# Determinant/Field/Recursively/Multiplication theorem/No proof/Section

We discuss without proofs further important theorems about the determinant. The proofs rely on a systematic account of the properties which are characteristic for the determinant, namely the properties multilinear and alternating. By these properties, together with the condition that the determinant of the identity matrix is ${\displaystyle {}1}$, the determinant is already determined.

## Theorem

Let ${\displaystyle {}K}$ denote a field, and ${\displaystyle {}n\in \mathbb {N} _{+}}$. Then for matrices ${\displaystyle {}A,B\in \operatorname {Mat} _{n}(K)}$, the relation

${\displaystyle {}\det {\left(A\circ B\right)}=\det A\cdot \det B\,}$

holds.

### Proof

This proof was not presented in the lecture.
${\displaystyle \Box }$

## Definition

Let ${\displaystyle {}K}$ be a field, and let ${\displaystyle {}M=(a_{ij})_{ij}}$ be an ${\displaystyle {}m\times n}$-matrix over ${\displaystyle {}K}$. Then the ${\displaystyle {}n\times m}$-matrix

${\displaystyle {M^{\text{tr}}}={\left(b_{ij}\right)}_{ij}{\text{ with }}b_{ij}:=a_{ji}}$
is called the transposed matrix for ${\displaystyle {}M}$.

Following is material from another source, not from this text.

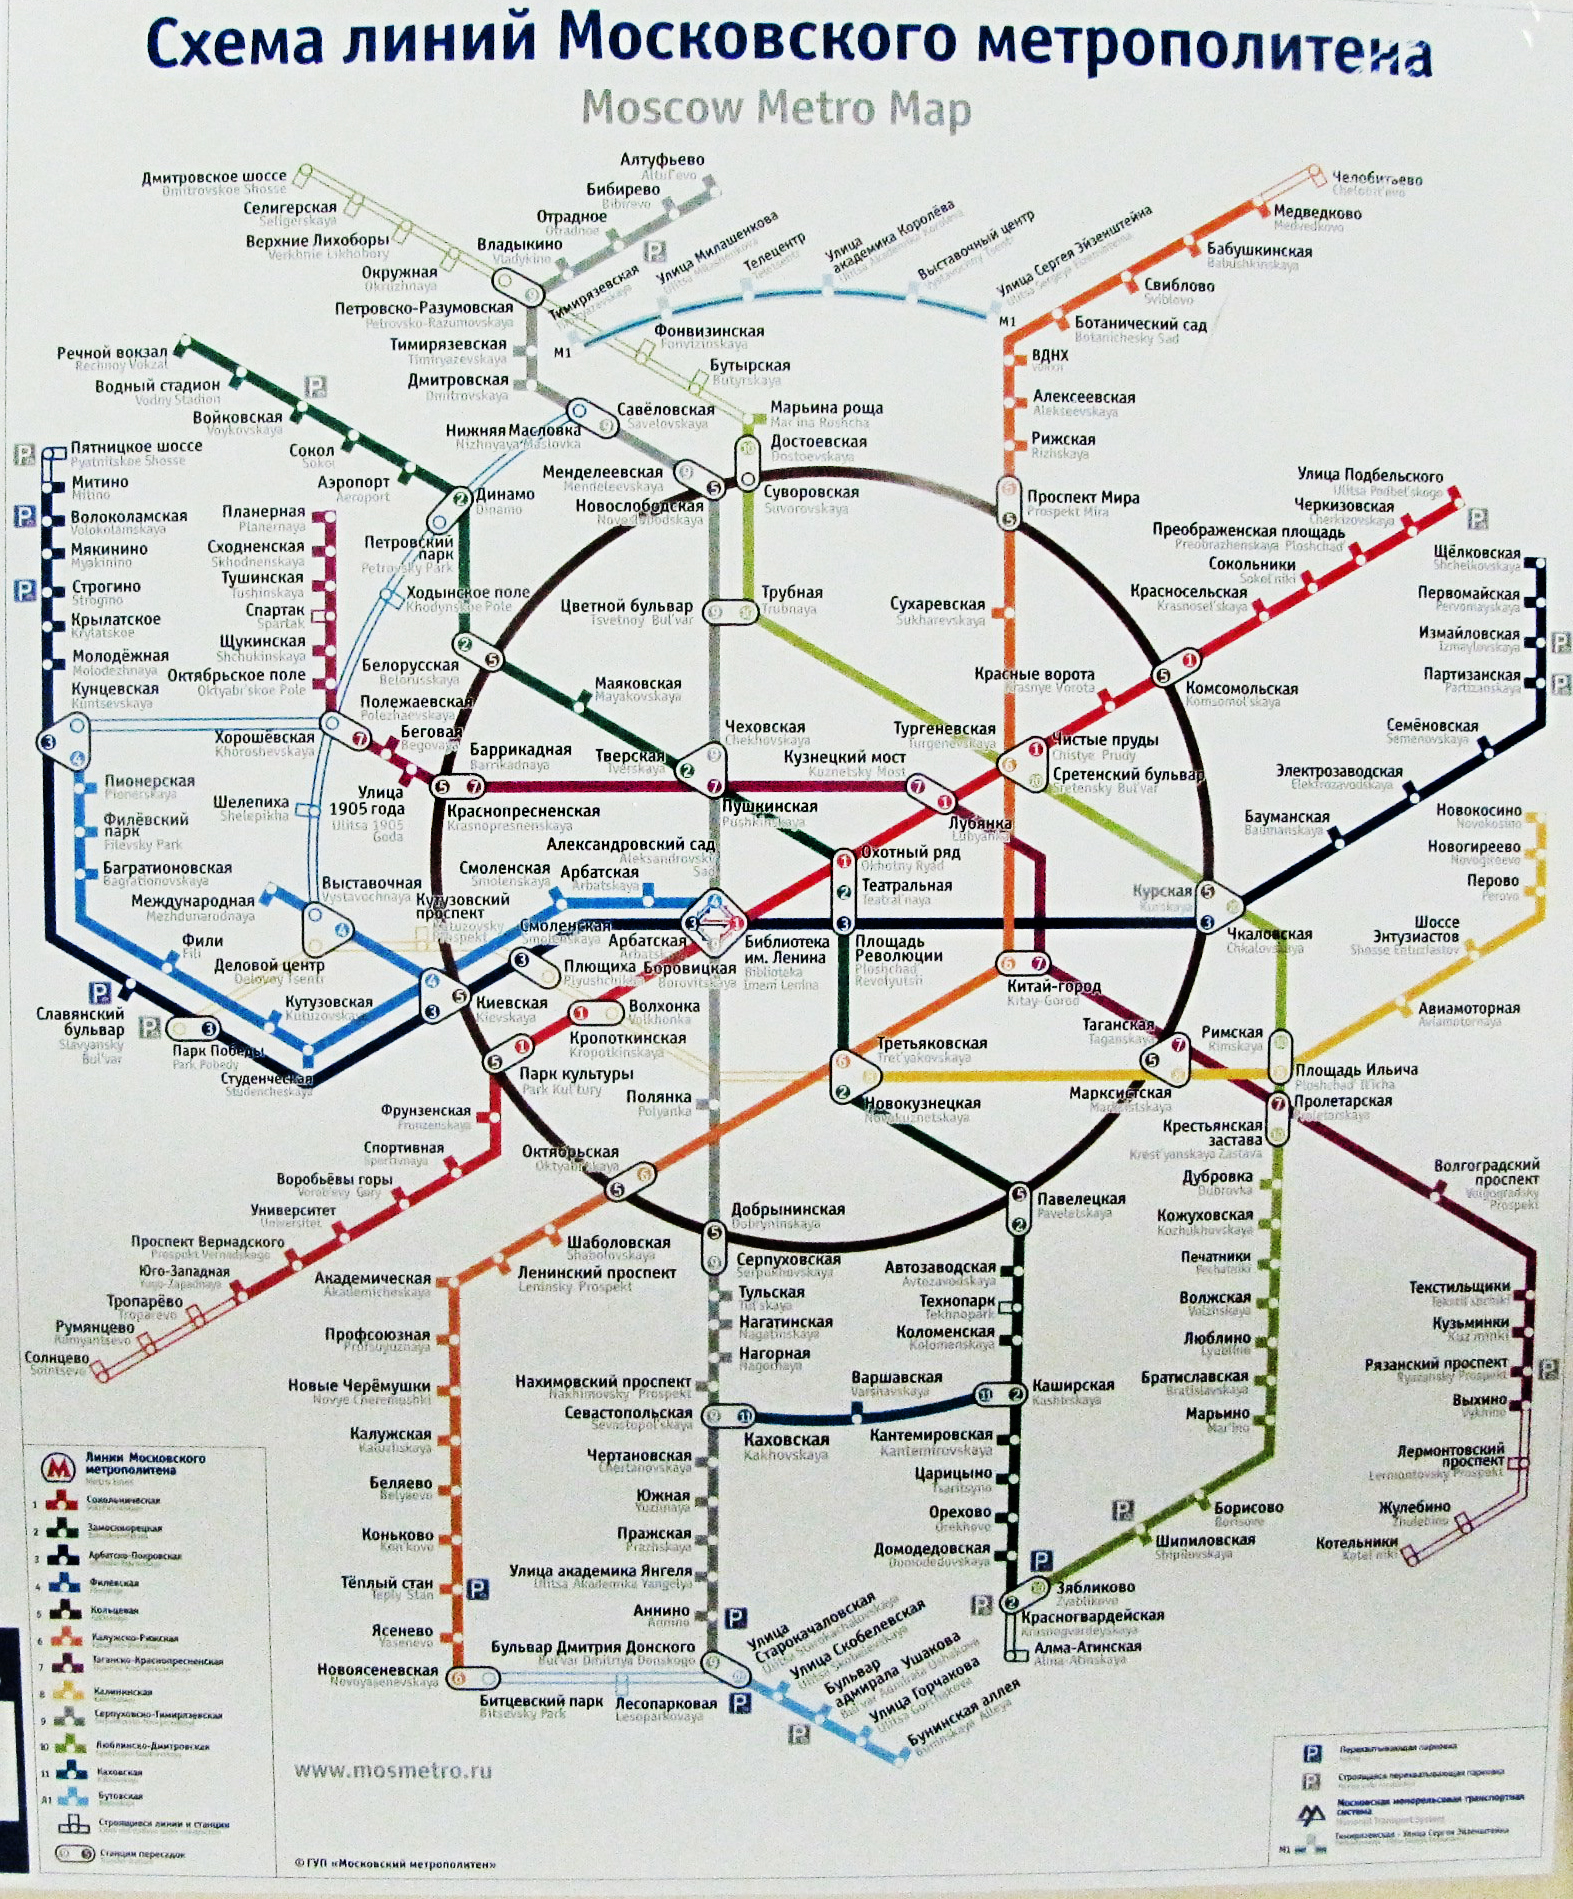 Новая схема московского метрополитена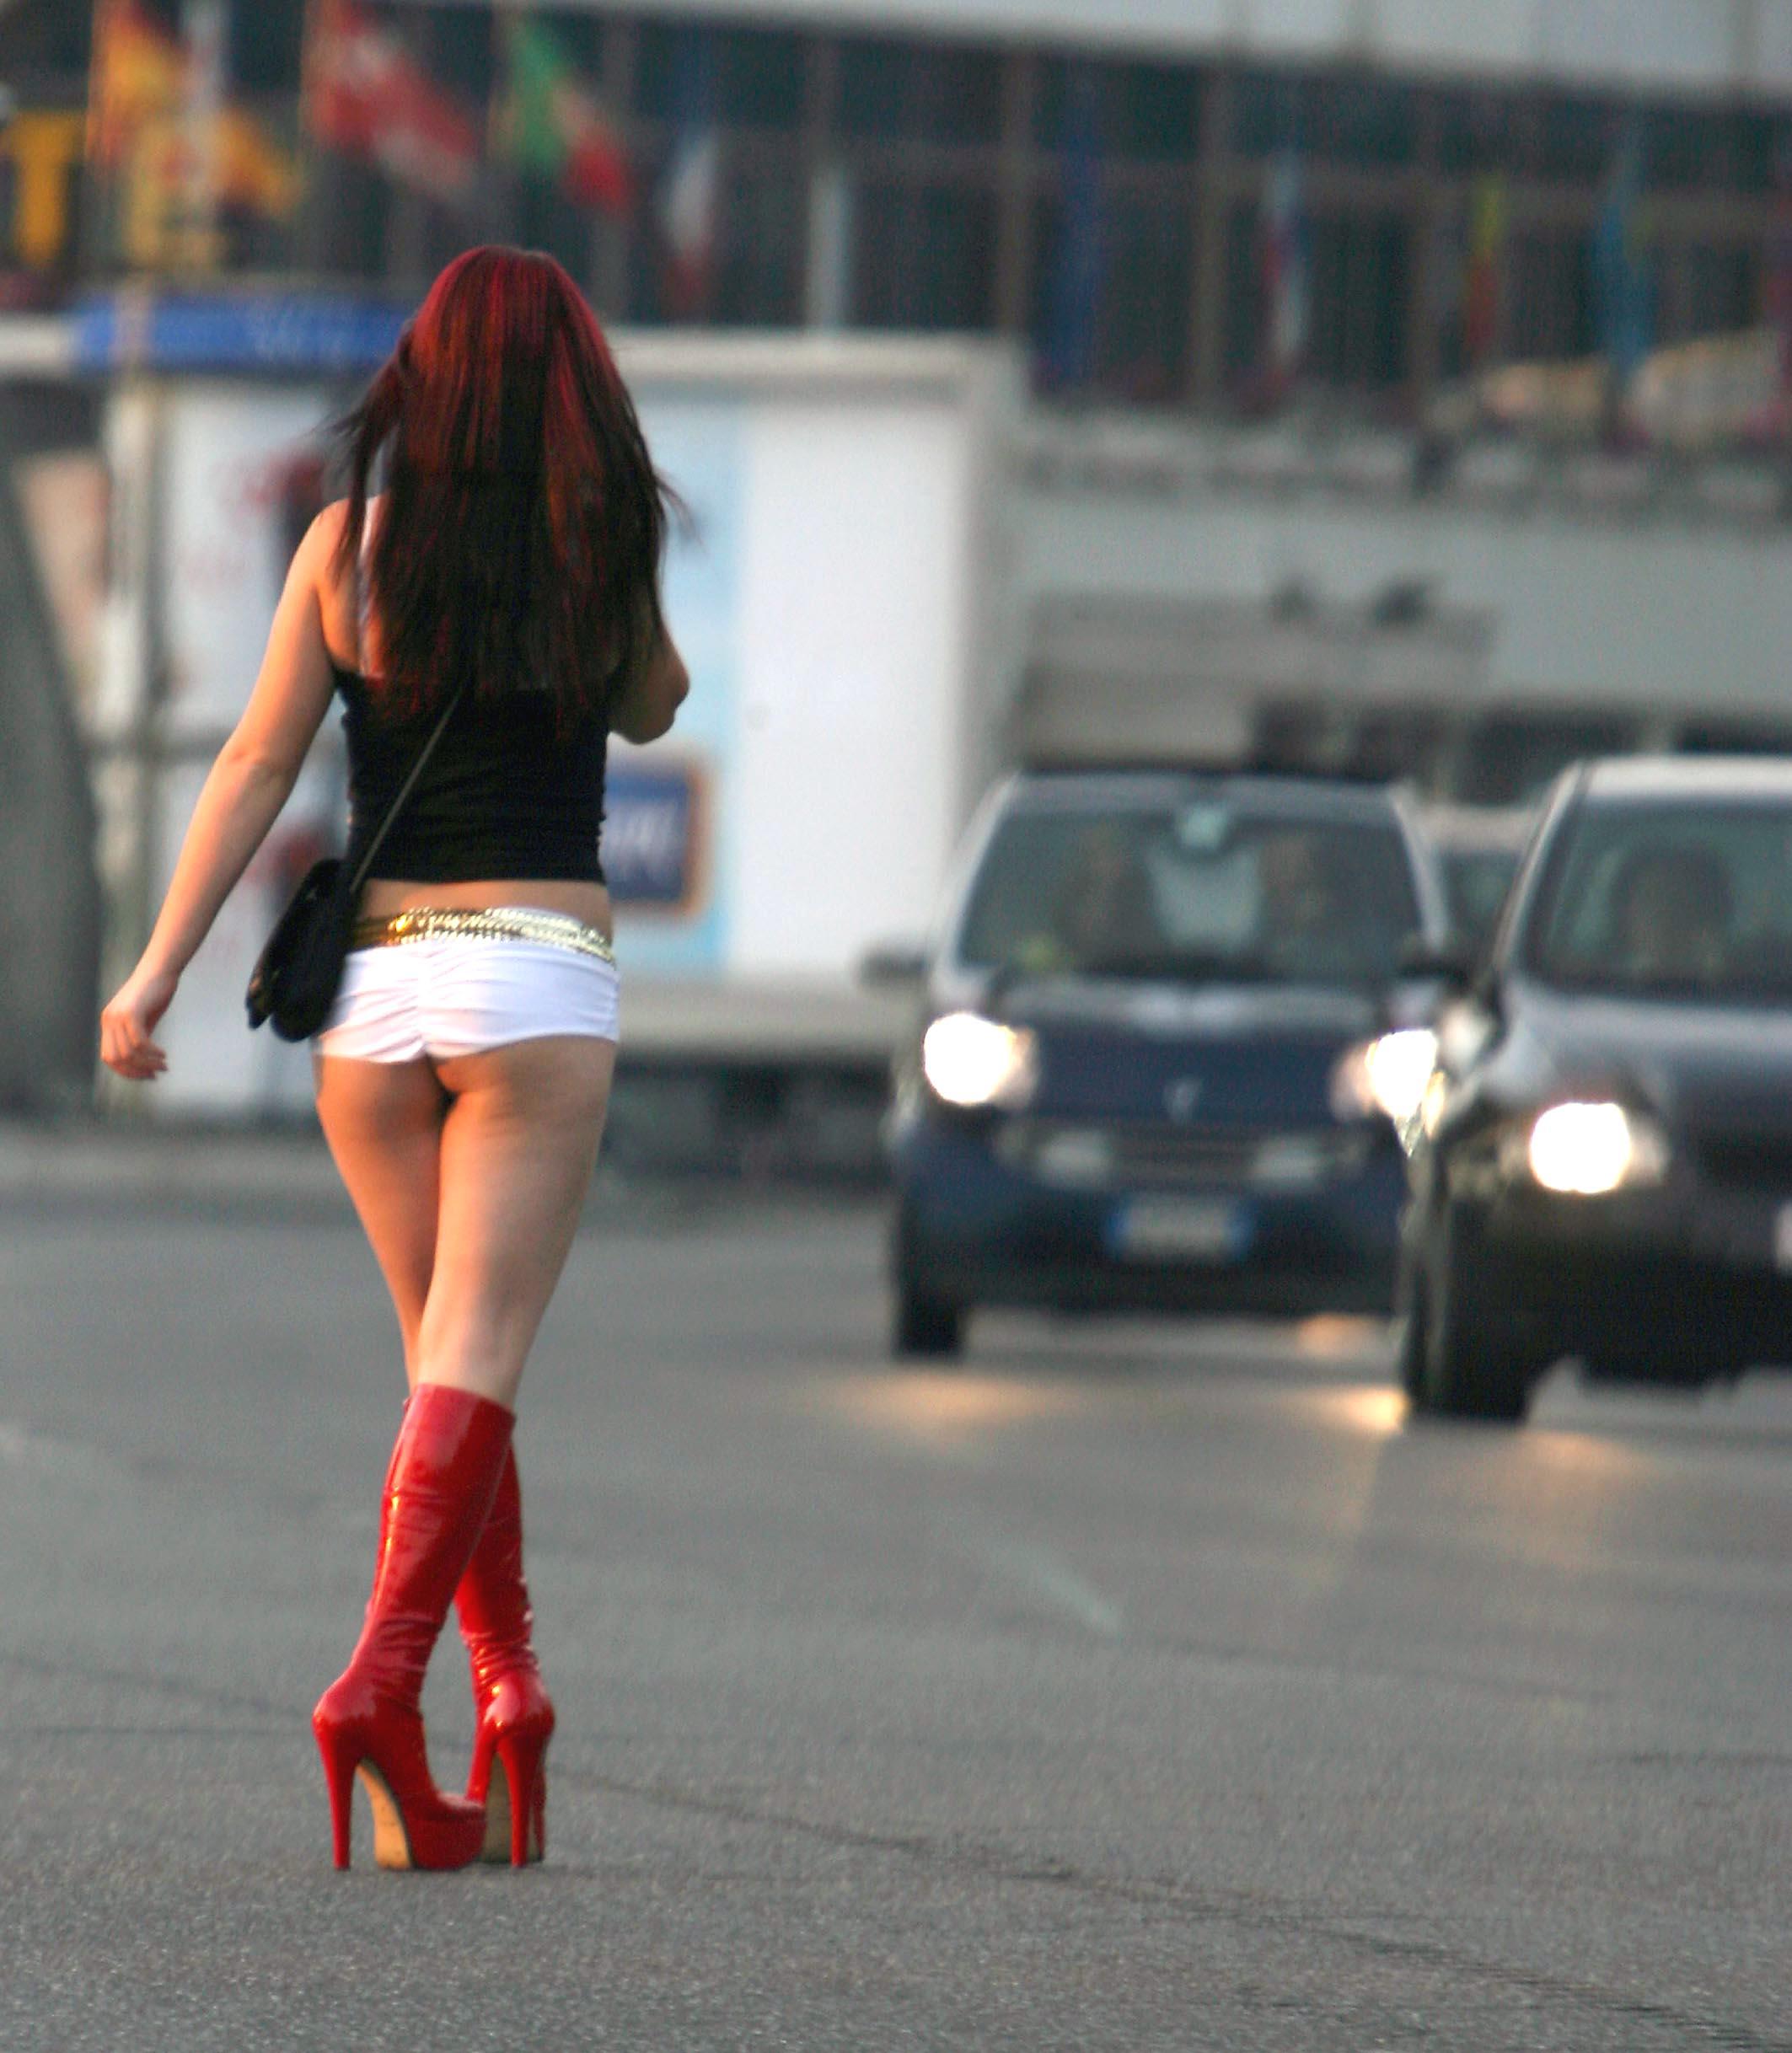 significato di sesso prostituta

The transposed matrix arises by interchanging the role of the rows and the columns. For example, we have

${\displaystyle {}{{\begin{pmatrix}t&n&o&d\\r&s&s&x\\a&p&e&y\end{pmatrix}}^{\text{tr}}}={\begin{pmatrix}t&r&a\\n&s&p\\o&s&e\\d&x&y\end{pmatrix}}\,.}$

## Theorem

Let ${\displaystyle {}K}$ denote a field, and let ${\displaystyle {}M}$ denote an ${\displaystyle {}n\times n}$-matrix over ${\displaystyle {}K}$. Then

${\displaystyle {}\det M=\det {M^{\text{tr}}}\,.}$

### Proof

This proof was not presented in the lecture.
${\displaystyle \Box }$

This implies that we can compute the determinant also by expanding with respect to the rows, as the following statement shows.

## Corollary

Let ${\displaystyle {}K}$ be a field, and let ${\displaystyle {}M={\left(a_{ij}\right)}_{ij}}$ be an ${\displaystyle {}m\times n}$-matrix over ${\displaystyle {}K}$. For ${\displaystyle {}i,j\in \{1,\ldots ,n\}}$, let ${\displaystyle {}M_{ij}}$ be the matrix which arises from ${\displaystyle {}M}$, by leaving out the ${\displaystyle {}i}$-th row and the ${\displaystyle {}j}$-th column. Then (for ${\displaystyle {}n\geq 2}$ and for every fixed ${\displaystyle {}i}$ and ${\displaystyle {}j}$)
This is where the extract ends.